03:12 – Cosmopolitanism and the Human Subject

  • PhD on feminism and global justice, interested in how gender justice would alter theorizations of global justice. Became concerned with the anthropocentricism in that literature.
  • Feminism and Political Justice, Gender and Justice
  • Feminists should be cosmopolitans, and cosmopolitans should be feminists
  • Cosmopolitans think that all individuals globally are subject to moral concern
  • “To sum it up, cosmopolitans think that all individuals globally are the primary subjects of moral concern and that we have principles of justice that are global in their scope. So we shouldn’t think about justice as being something that just pertains between citizens within one nation but rather we can think about justice as being something that is global in reach. And, in much of the literature, with only a couple of exceptions, the primary units of moral concern are assumed to be human.” – Angie 
  • Toward the end of Angie’s PhD she started thinking about why we only think about humans when it comes to global justice. 
  • Justice is about protecting well-being and so we should be concerned about how our actions and institutions impact animals. 
  • In cosmopolitan literature there are anthropocentric biases, where humans are the dominant beings of moral concern
  • Found her way to animal studies from feminist and disability studies. 
  • Thinking about personhood as a moral category and the critiques of it being exclusionary. 
  • Most cosmopolitan have a very expansive conception of the human subject, including children, but there is a species bias in that literature.

 

07:35 - Cosmopolitanism and Spatial Inclusion 

  • Do Cosmopolitans believe everybody has a claim to some time of entitlement and to be treated with dignity?
  • What comes after entanglement by Eva Haifa Giraud
  • If you want to be principled it might necessarily involve exclusions – Claudia 
  • For cosmopolitan everybody’s interests matter, and no one should be excluded because they happen to live somewhere else. 
  • Cosmopolitans believe that everybody’s interest matters despite where someone lives, what race they are, what species they are
  • When we are thinking about who is the community of subjects who we should be concerned with, for cosmopolitan it is everyone. 
  • Is the UN an example of cosmopolitanism?
  • Primarily interested in moral cosmopolitanism which is a claim about the moral status of individuals but political cosmopolitanism is different because it is more concerned with institutions. 
  • Is it possible to have moral concepts of justice at a global scale or only at the community level?

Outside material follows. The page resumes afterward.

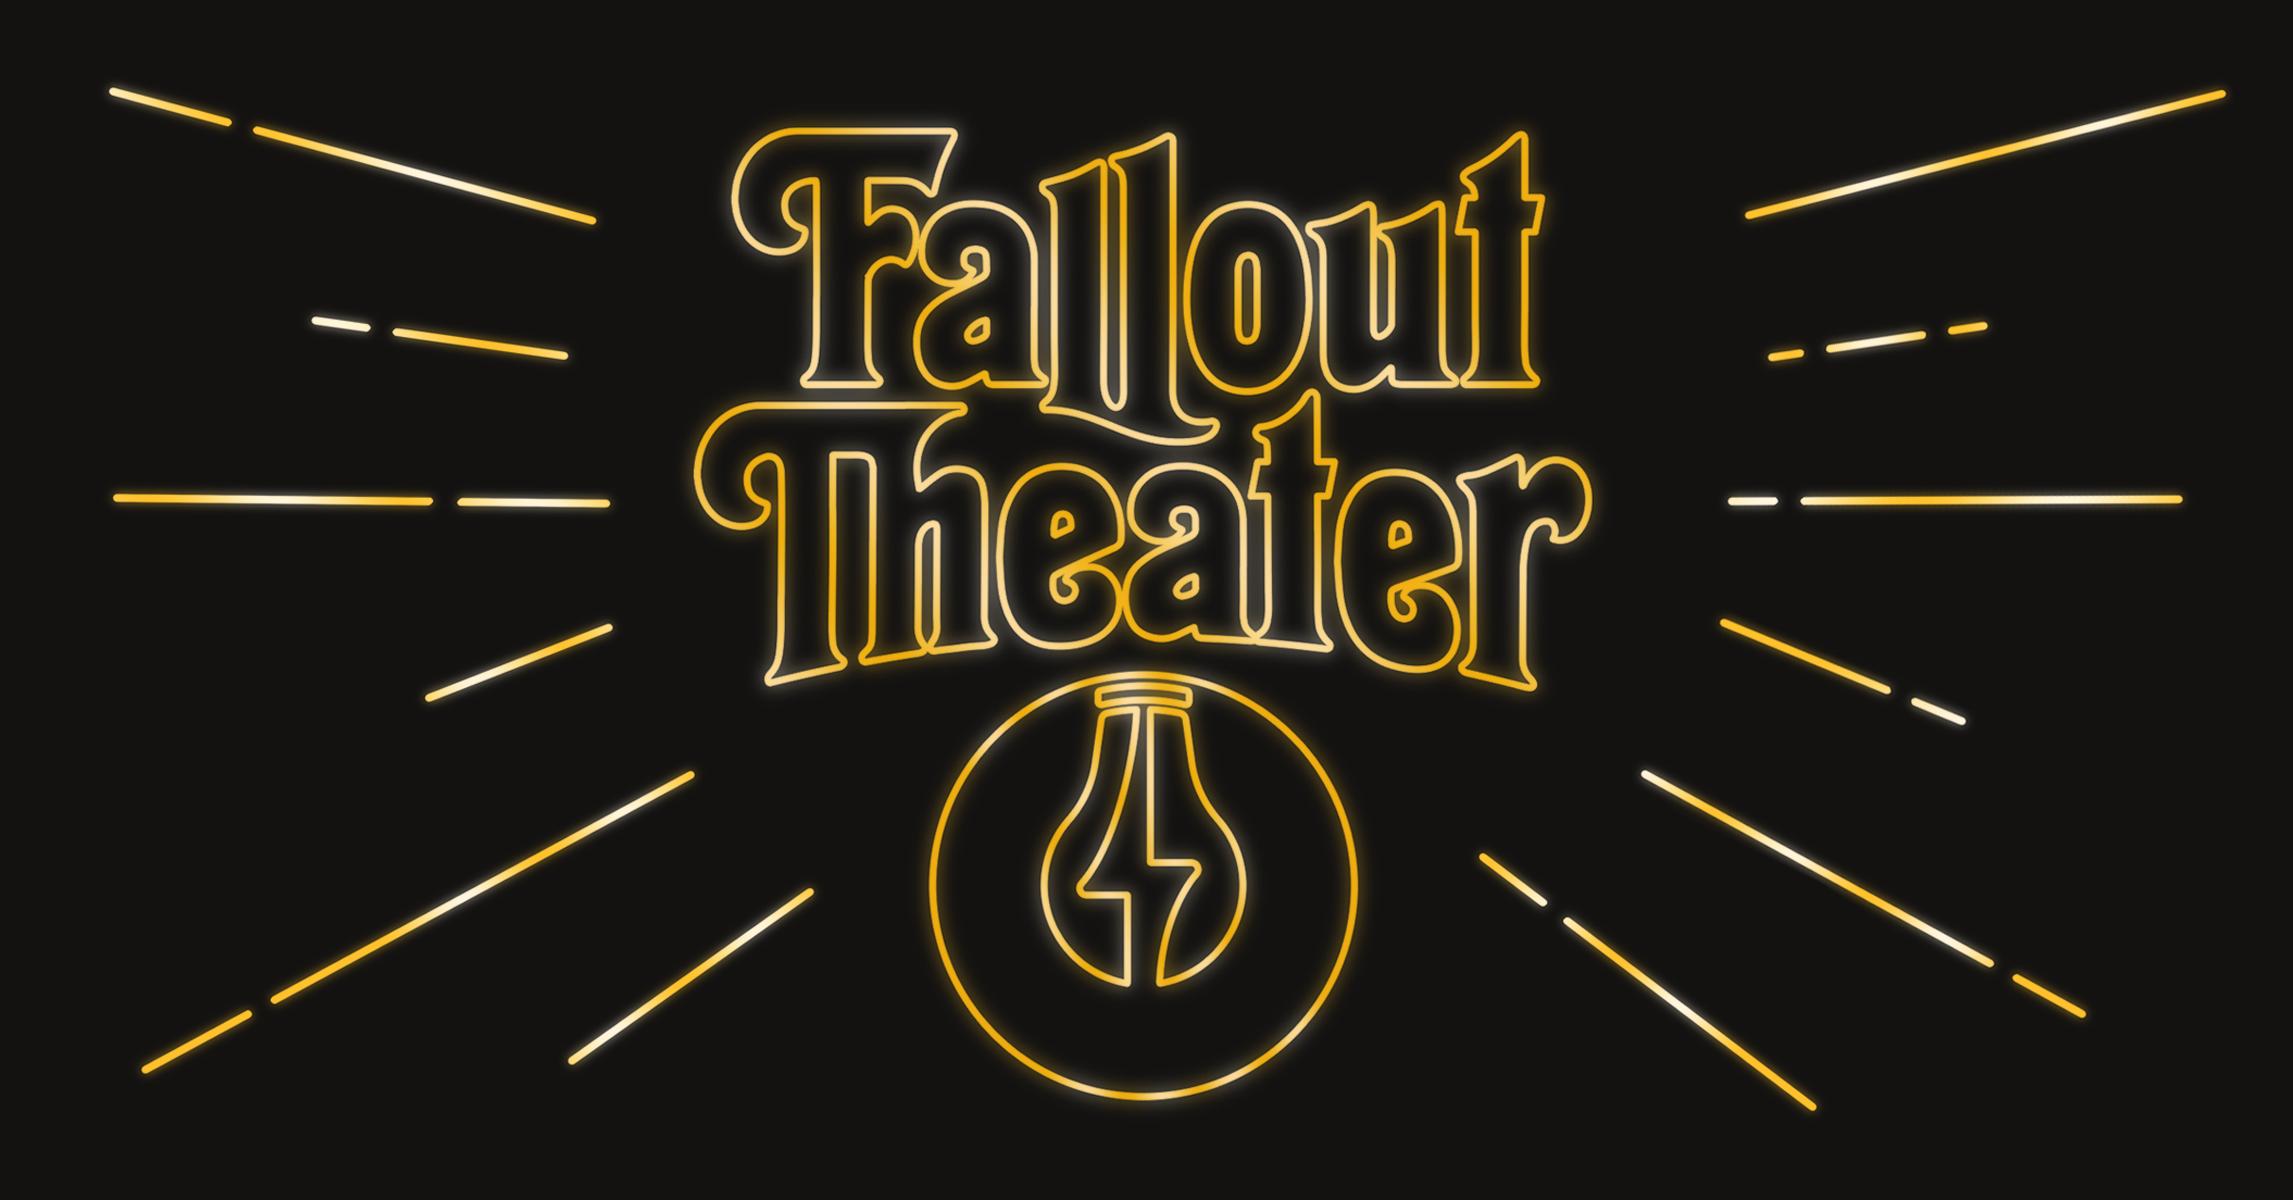 fallout-theater-austin-tx-1.jpg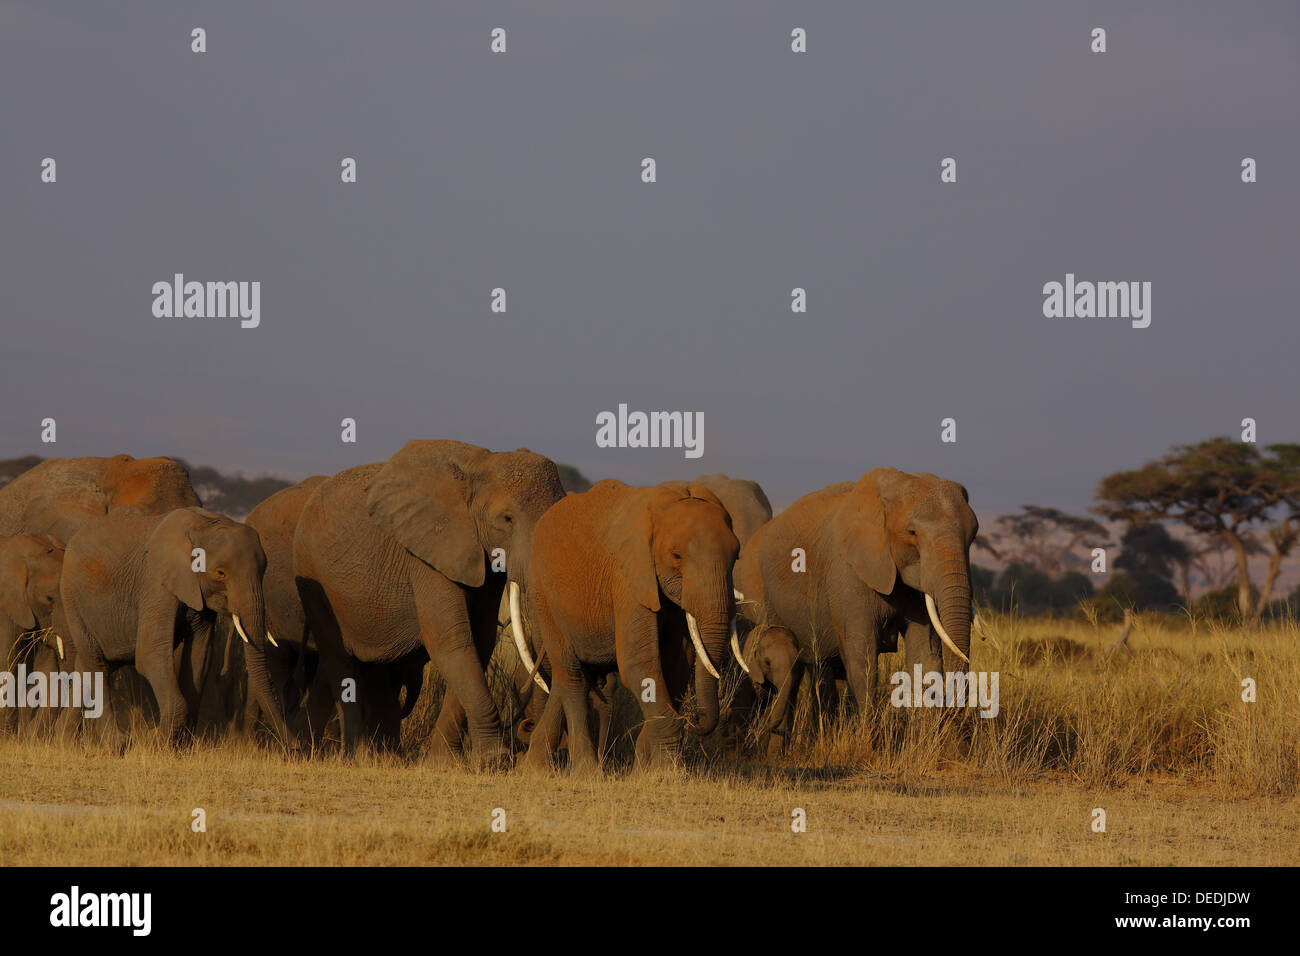 Herd of African Elephants (Loxodonta africana) in Amboseli National Park in Kenya - Stock Image

Is it even possible to have principles of justice that are global in scope? Some believe justice only gets going in political communities and that there are no global political communities.
  • Thinking about all sentient animals within the principles of global justice

 

 

11:25 – Justice

  • Justice is a concept where everyone thinks they know what it means but it is really difficult to define
  • How are you locating cosmopolitanism? Who is an actor? Or is it about thinking about how politics is structured?
  • It’s a question about whether justice is something that can only be obtained between co-nationals
  • One traditional definition of what justice is comes from John Rawls, he was interested in distributive justice at thee level of nation states and is concerned with the distribution of benefits and burdens. It shouldn’t be that some are more burdened than others. 
  • “It’s about making sure that the benefits and burdens of our social cooperation are shared fairly” – Angie 
  • Sympathetic to that understanding but justice is also about inequality and whether the inequalities that exist are fair. If it is not, we need to rectify it. 
  • Angie believes this is part of understanding justice, but it is also about understanding inequality
  • “When we are thinking about justice we are just trying to make sure that everybody has got what they are entitled to and that if there are any inequalities those inequalities are not unjust, or unfair” – Angie. 

 

15:00 – Well-being and Suffering 

  • Beyond Anthropocentricism: Cosmopolitanism and Nonhuman Animals. 
  • What’s the cause of this suffering? Is it institutional? We need to ask these questions about what is governing our social lives
  • “The ability to be well” – Claudia 
  • We want to know the cause of the suffering and whether it is institutional and a product of the way we have organized our social worlds
  • We need to diminish the possibilities of suffering, we can’t eradicate it but we need to understand it and reduce it. 

 

17:20 – Relational and Non-Relational Cosmopolitanism 

  • For Rawls when we are thinking abut justice we are interested in the distribution of benefits and burden, you have a jut society when they are distributed fairly. 
  • Relational cosmopolitans transfer justice to the global level because we are locked into schemes with others at a global level. Globally there is a system of inter-dependence in terms of goods and institution. Think about climate change, what individual countries are doing impacts individuals elsewhere in the world.  There are regional and global institutions that are governing our lives meaning that there is something beyond the level of the state. “How do we distribute the benefits and burdens that arise out this global system of interdependence and cooperation and we shouldn’t just think about how justice operates at the nation state” – Angie
  • Non-relational cosmopolitans say your entitlements of justice shouldn’t depend on you belonging to a certain scheme. So whether you are part of a system of shared interdependence you are entitled. This is often based on the idea that you are human with human needs – So you are entitled to justice. So, it doesn’t matter if you are in the same scheme or cooperation – if your well-being is suffering and someone else has the ability to help, then you have a legitimate claim against them. 

 

22:30 – Borders and Governance Gaps 

  • We live in a world of borders and people are very attached to them. Non-relational cosmopolitanism is going against that, they want to see the erosion of borders and to illustrate that those borders are not as solid as people might imagine.  
  • Focusing on the state level can lead to what David Held calls governance gaps – such as with issues that are global in nature (such as climate change).
  • People do have strong feelings of attachment to their co-nationals and that often comes with a desire to exclude. 
  • Being a cosmopolitan doesn’t mean saying you don’t necessarily have any stronger duties to your co-nationals, but you have to think about everybody in the world. 
  • You can’t prioritize your co-nationals to the detriment of others. 
  • Think more broadly about who have a responsibility to. 
  • Example of buying locally versus long distance, who is going to be most disadvantaged is not obvious.
  • National pride and sense of belonging have the tendency to exclude as well
  • Cosmopolitanism doesn’t treat only co-nationals as subjects of justice, especially not to the detriment of other people in the world

 

29:00 – How are animals part of the cosmopolitan view?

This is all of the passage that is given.